§ **Information provided**:
[Start of section]

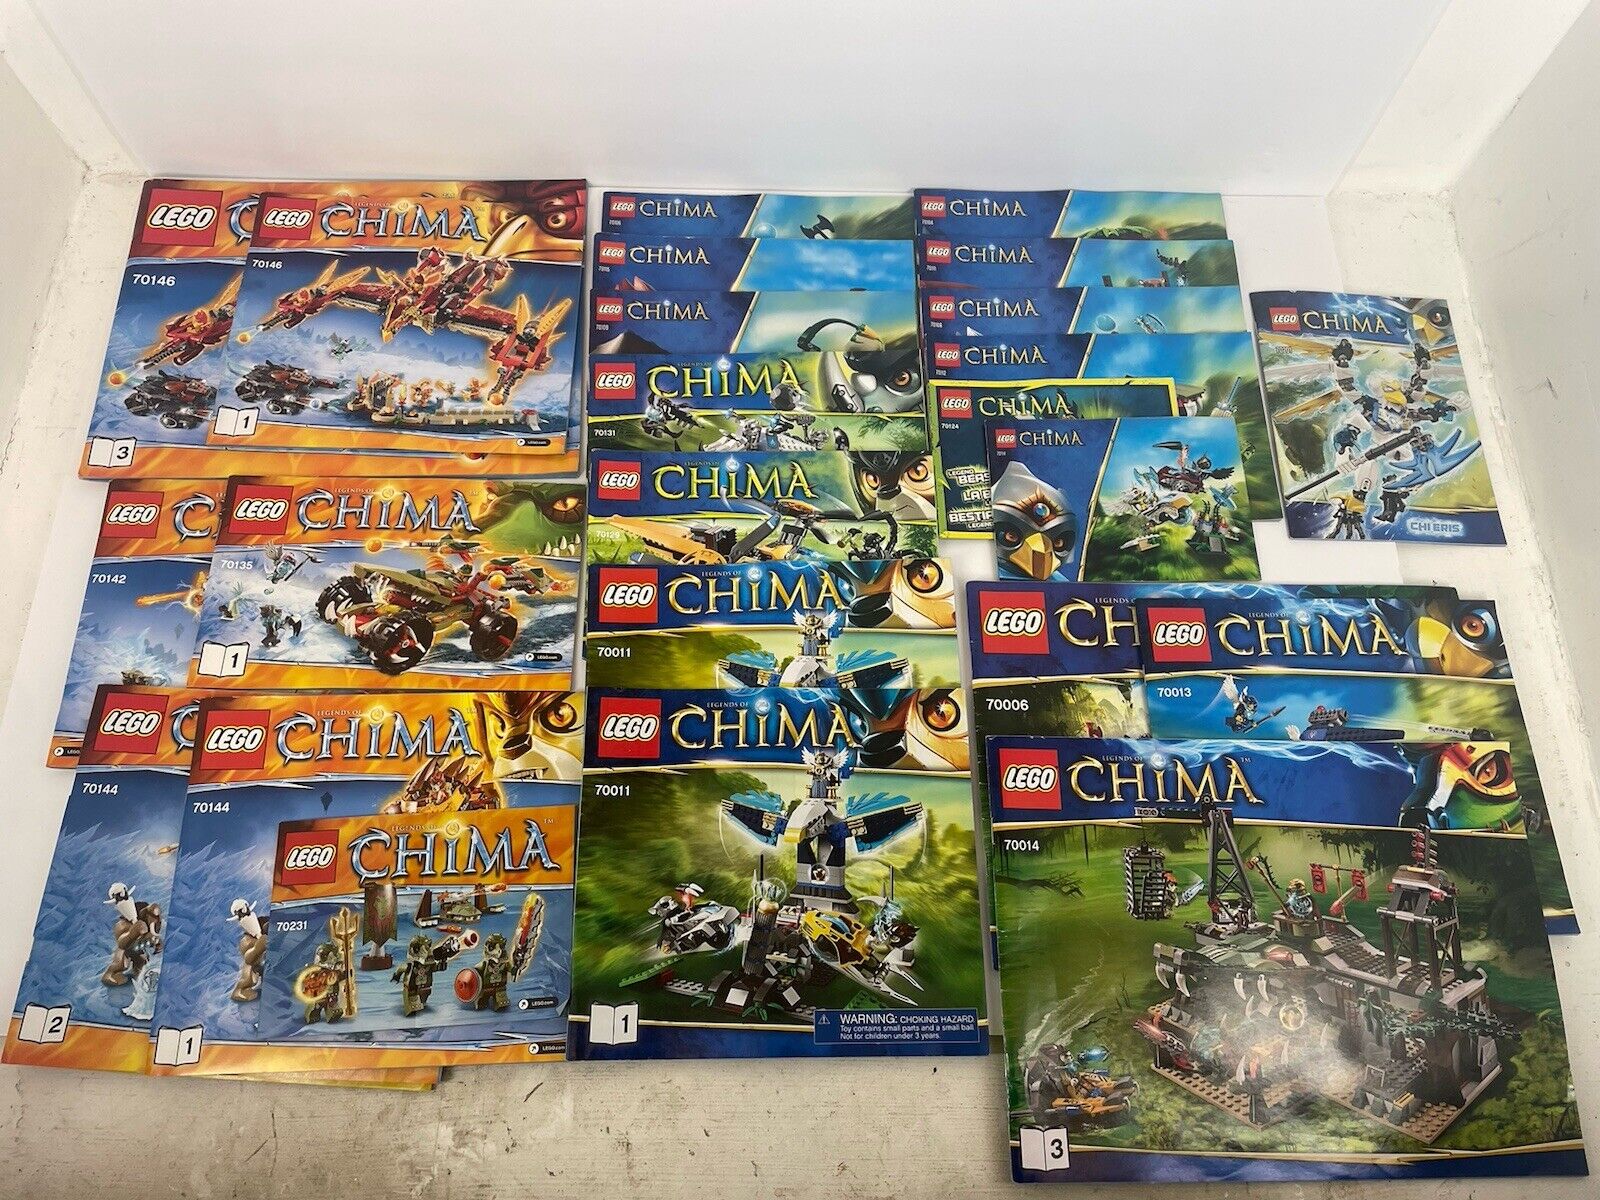 Lego Chima Instruction Random Manuals Lot of 24 Books Booklets
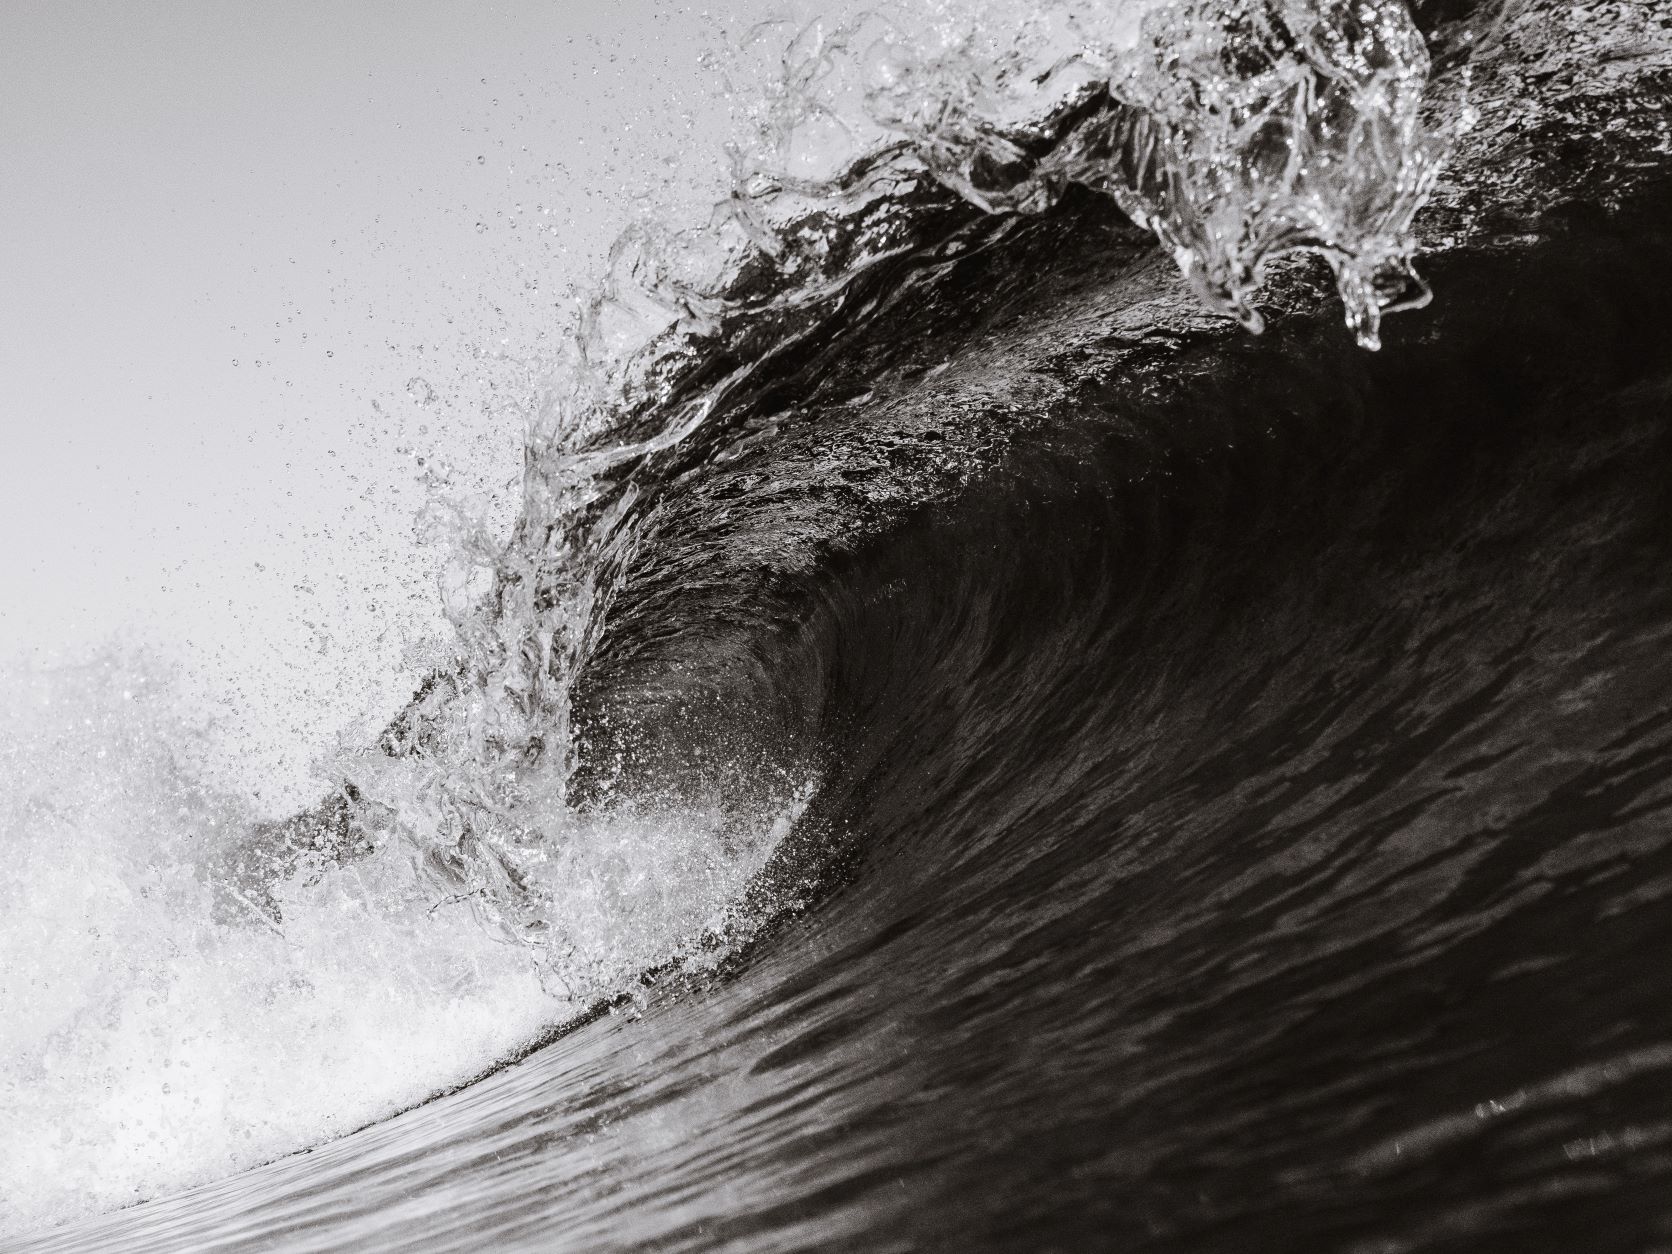 Black and white image of a wave crashing.
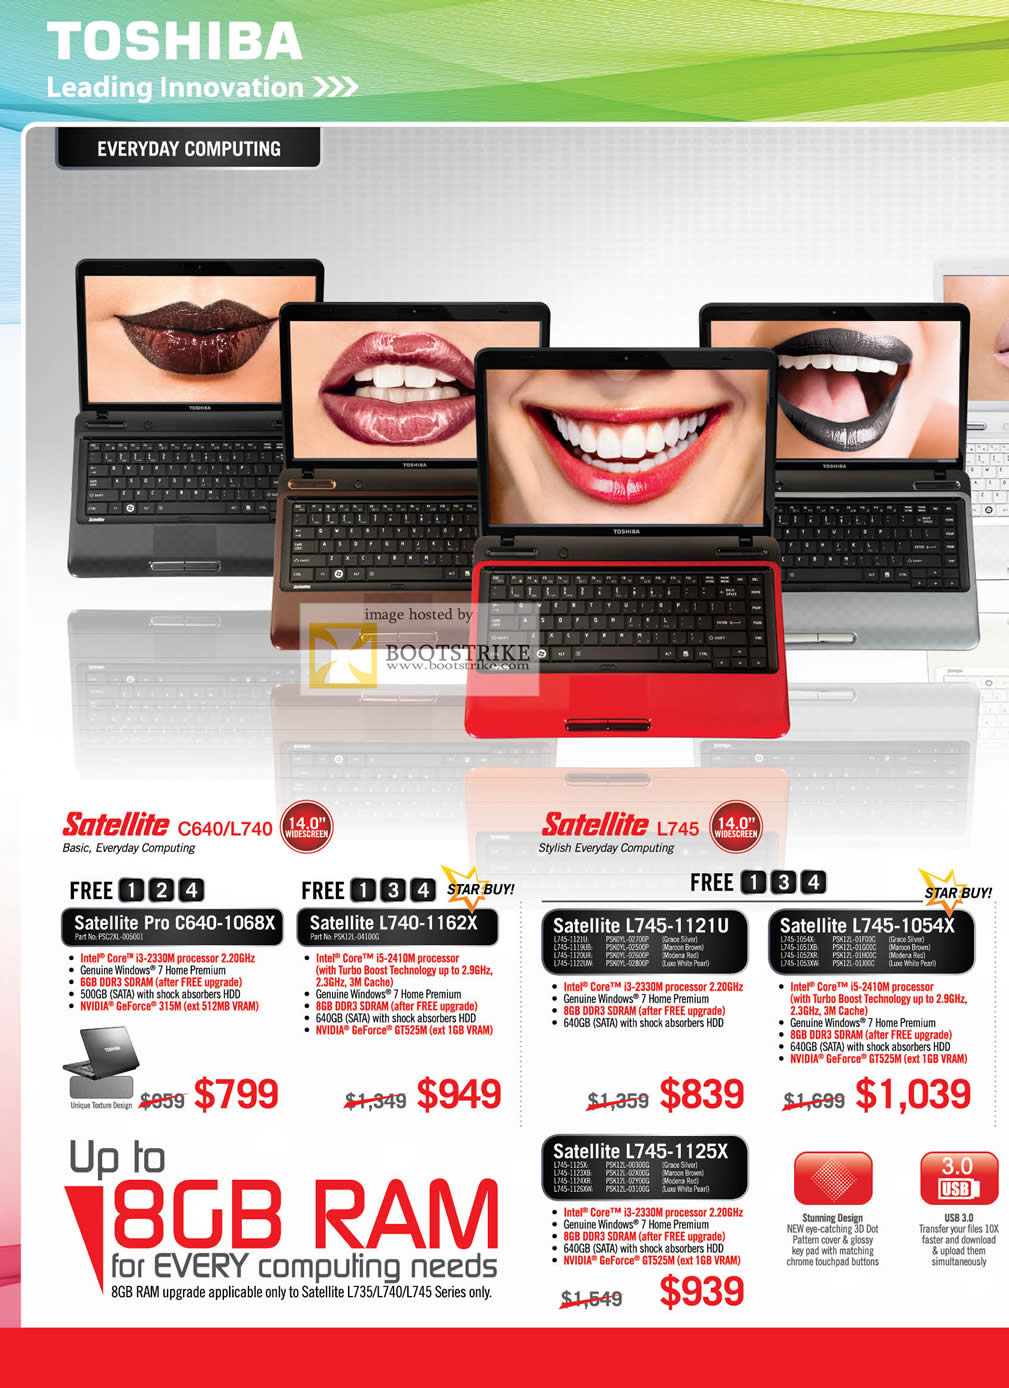 COMEX 2011 price list image brochure of Toshiba Notebooks Satellite C640 1068X L740 1162X L745 1121U 1054X 1125X

[End of section]

§ **Work order**:
The data above needs to be retyped exactly, with the images left out.

§ **Final answer**:
 Lego Chima Instruction Random Manuals Lot of 24 Books Booklets
 Black and white image of a wave crashing.
 COMEX 2011 price list image brochure of Toshiba Notebooks Satellite C640 1068X L740 1162X L745 1121U 1054X 1125X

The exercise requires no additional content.